O ya, awalnya, Tim akan menjadikan ibu kota Hadramaut, Mukalla, sebagai pusat evakuasi WNI untuk wilayah Timur Yaman. Namun, menyusul insiden penyerangan bersenjata yang dilakukan oleh al-Qaeda, situasi keamanan Mukalla tiba-tiba memanas karena kabilah-kabilah di kota tua itu melakukan patroli bersenjata untuk menghalau kelompok al-Qaeda.

Media massa memberitakan, Bandar Udara Mukalla masih dikuasai oleh Kabilah sedangkan pelabuhan dikuasai oleh al-Qaedah. Juga terdengar kabar terjadi kontak senjata antara al-Qaedah dan aparat keamanan yang mencoba merebut pelabuhan dari kelompok al-Qaedah. Tim pun berputar haluan dan menjadikan Tarim sebagai pusat evakuasi. Apa boleh buat.

Sekitar satu jam taksi melaju, tiba-tiba sopir menepikan mobilnya ke sudut jalan yang mirip dengan bengkel. Di situ tampak seorang lelaki setengah baya sedang mengusap mukanya yang masih basah oleh air wudhu. Rupanya dia akan menjalankan shalat ashar.

“Kita berpisah di sini, nanti paman saya yang akan mengantar kalian ke tempat tujuan. Setelah paman saya selesai shalat ashar, kalian bisa melanjutkan perjalanan bersama dia,” kata sopir kami tanpa basa-basi.

Awalnya Tim menyangka bahwa dialah yang akan mengantar hingga sampai ke Tarim. Ternyata yang bersangkutan hanyalah seorang makelar. Ada sopir lain lagi yang akan mengantar ke tempat tujuan.

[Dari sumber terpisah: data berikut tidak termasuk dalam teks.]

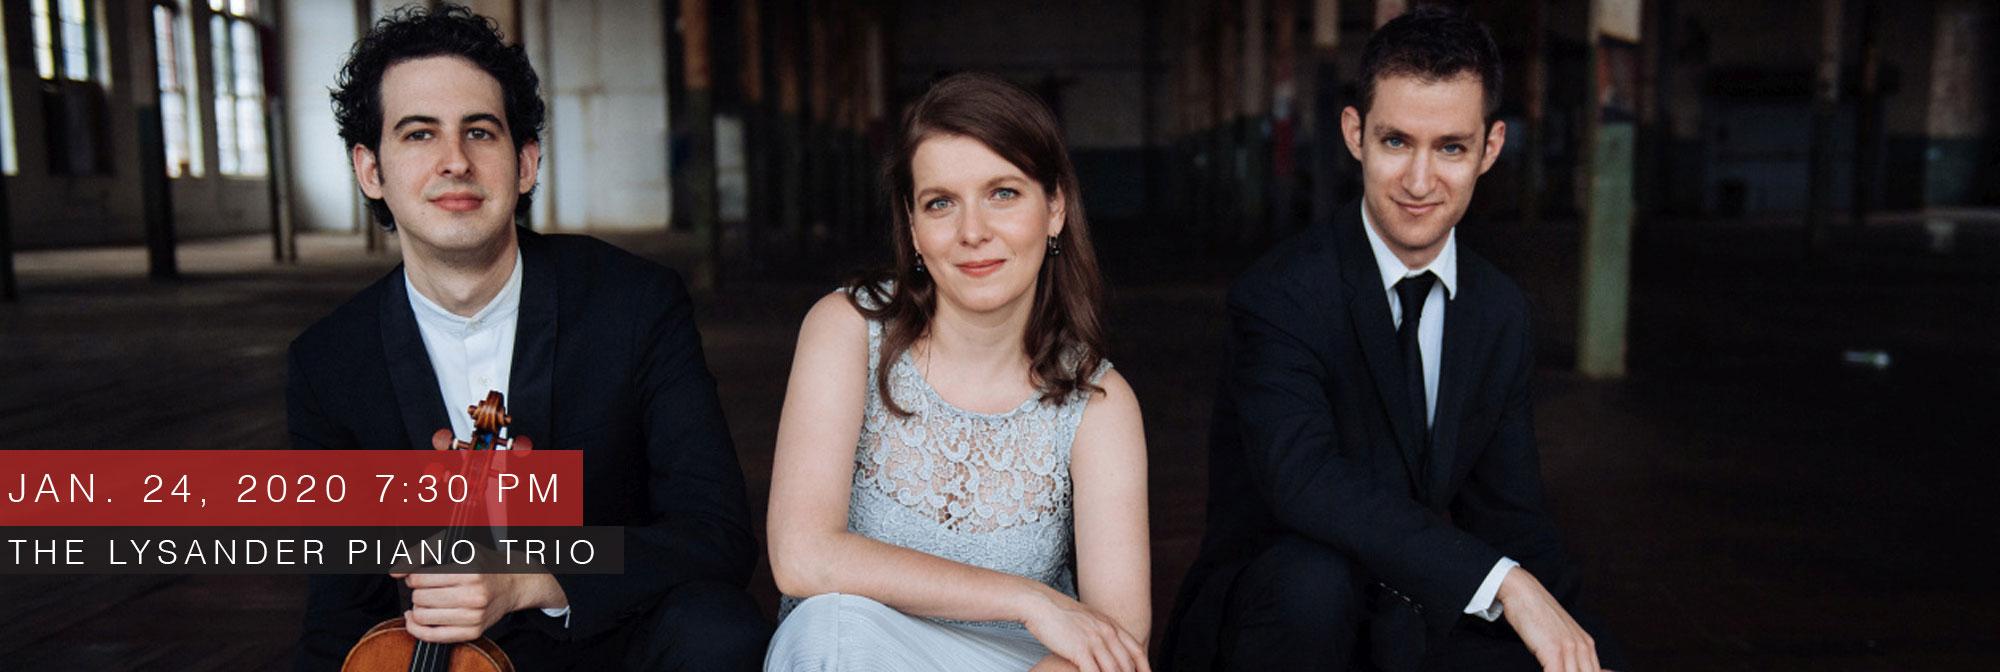 The-Lysander-Piano-Trio_MCMS.jpg
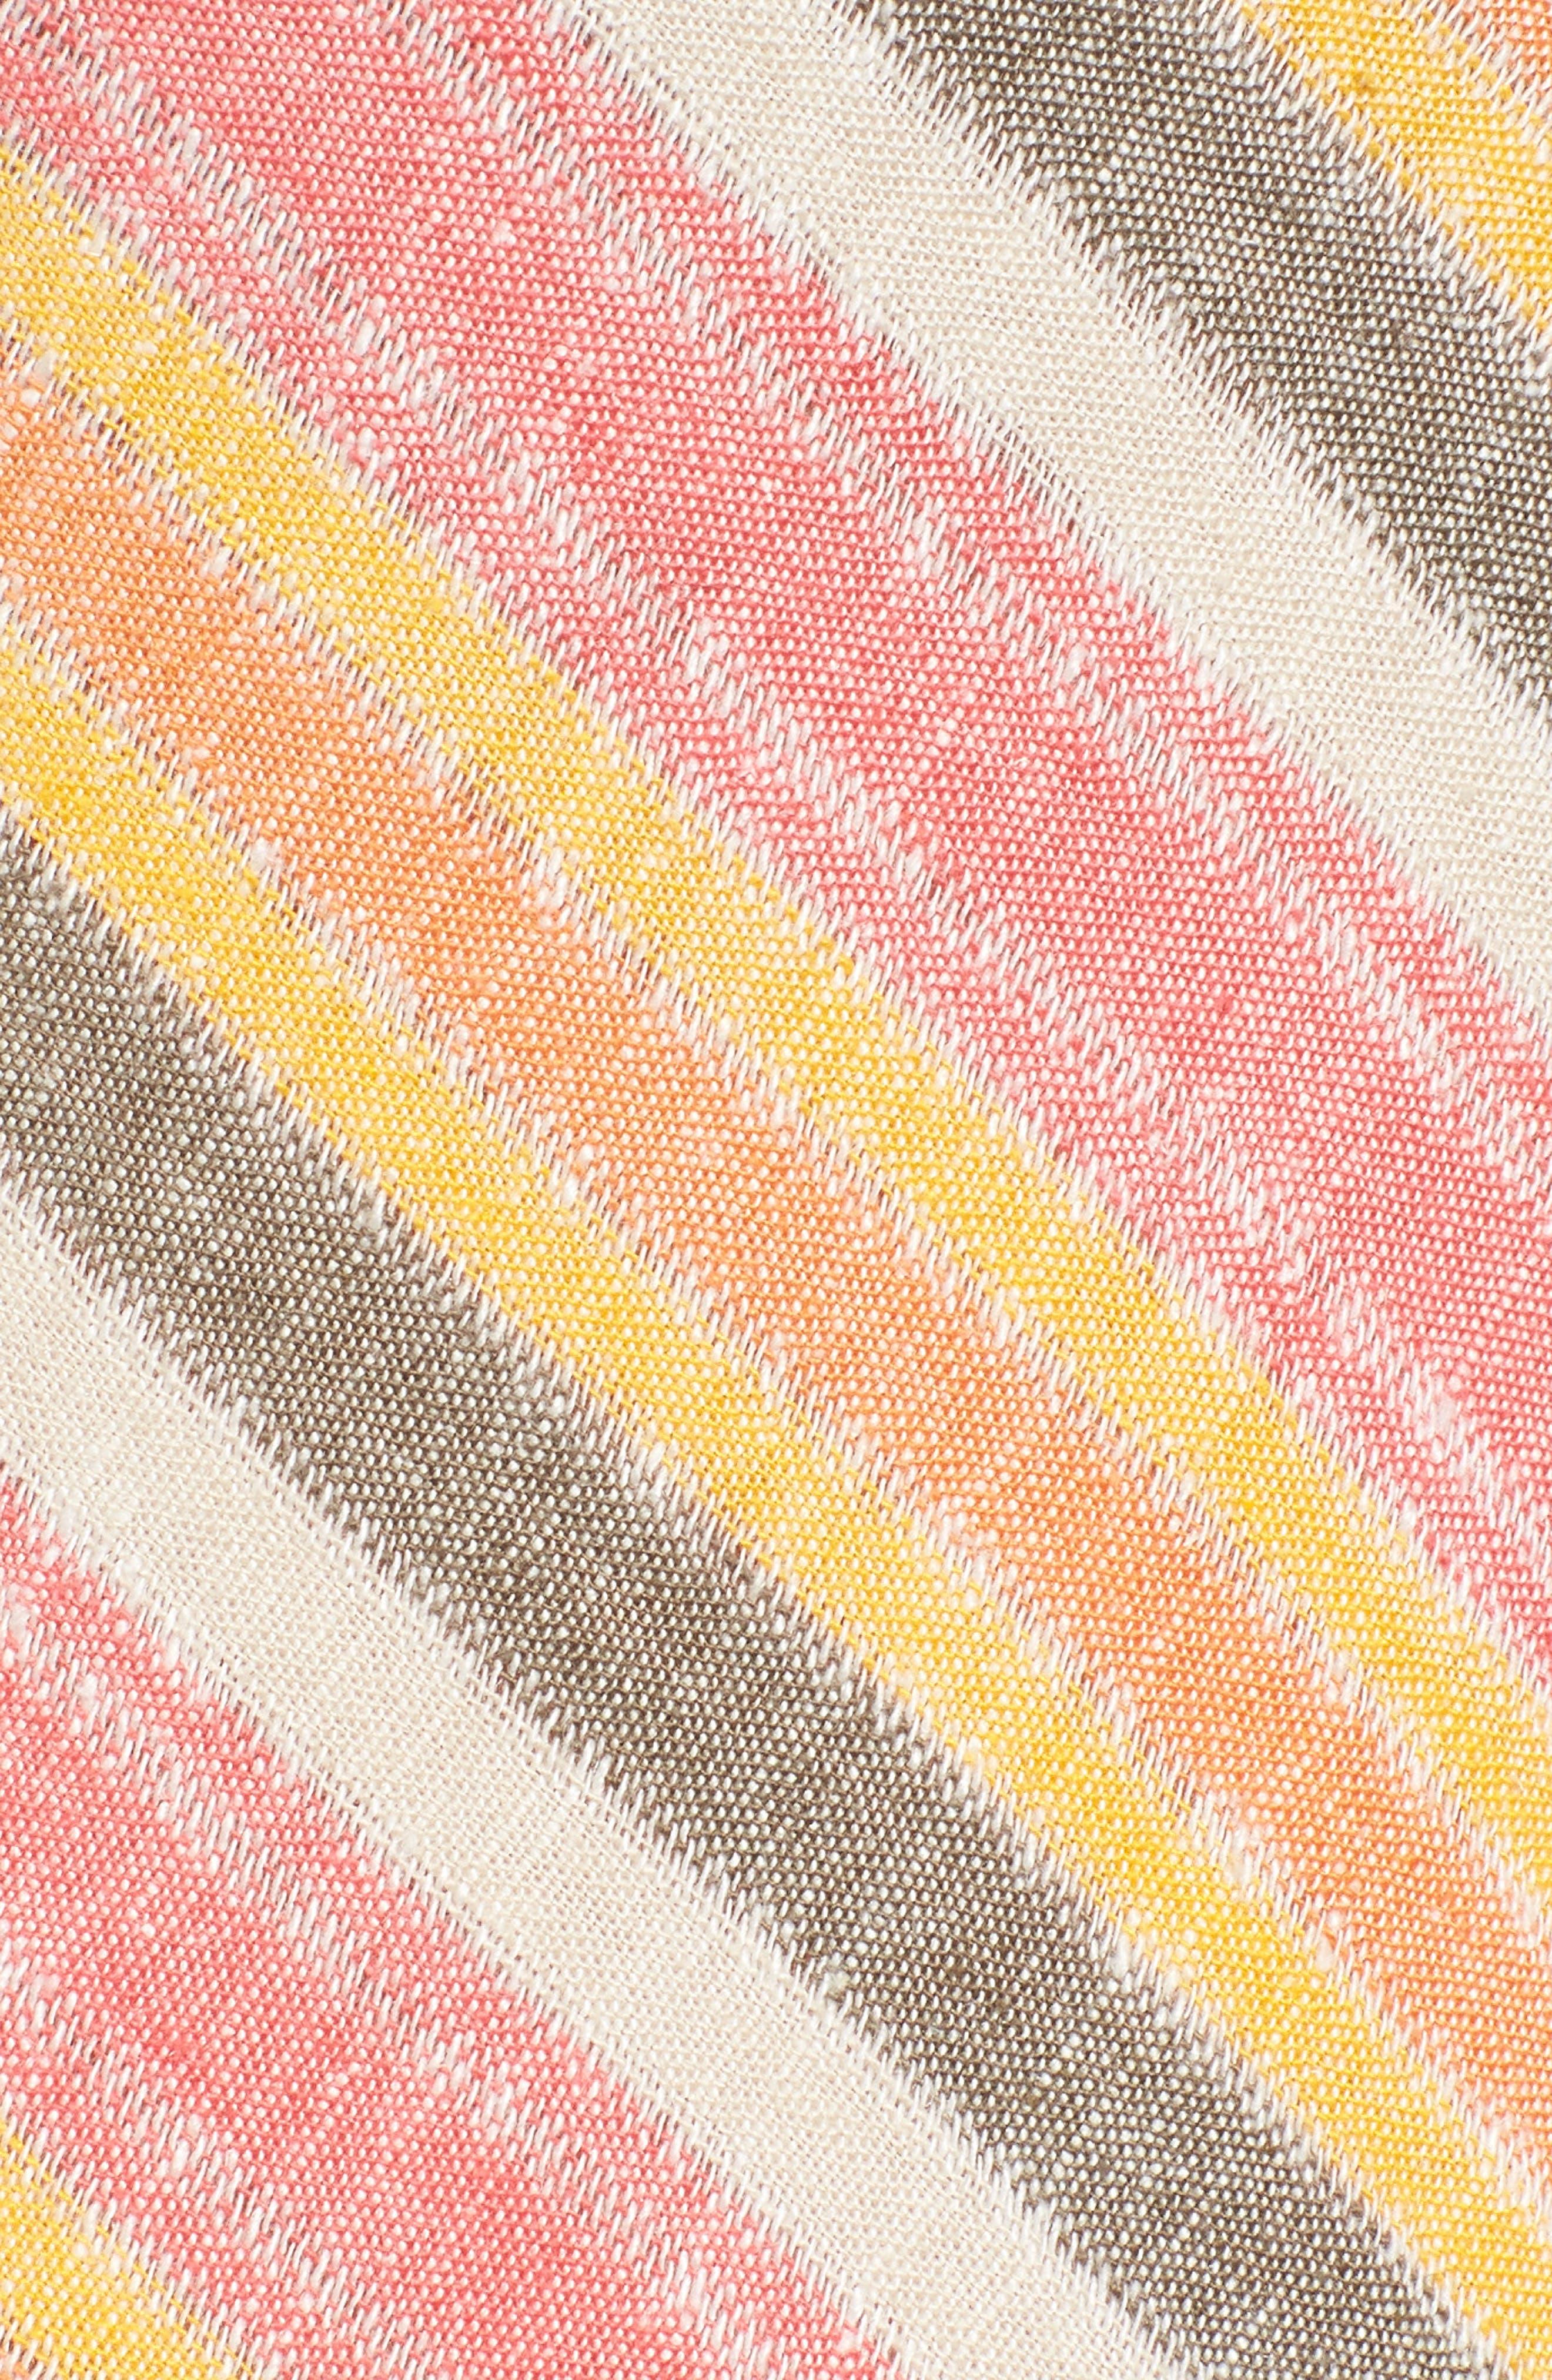 Stripe A-Line Maxi Dress,                             Alternate thumbnail 6, color,                             Coral Erin Stripe

Sekitar setengah jam menunggu sopir kedua dengan penuh tanda tanya. Benarkah sopir yang mengantar ini dapat dipercaya? Bagaimana kalau Tim dibegal di tengah jalan, sedangkan di tas mereka tak kurang dari 10.000 dollar AS yang akan digunakan untuk keperluan mengatur evakuasi. Seribu tanda tanya bergelayut di dalam benak mereka.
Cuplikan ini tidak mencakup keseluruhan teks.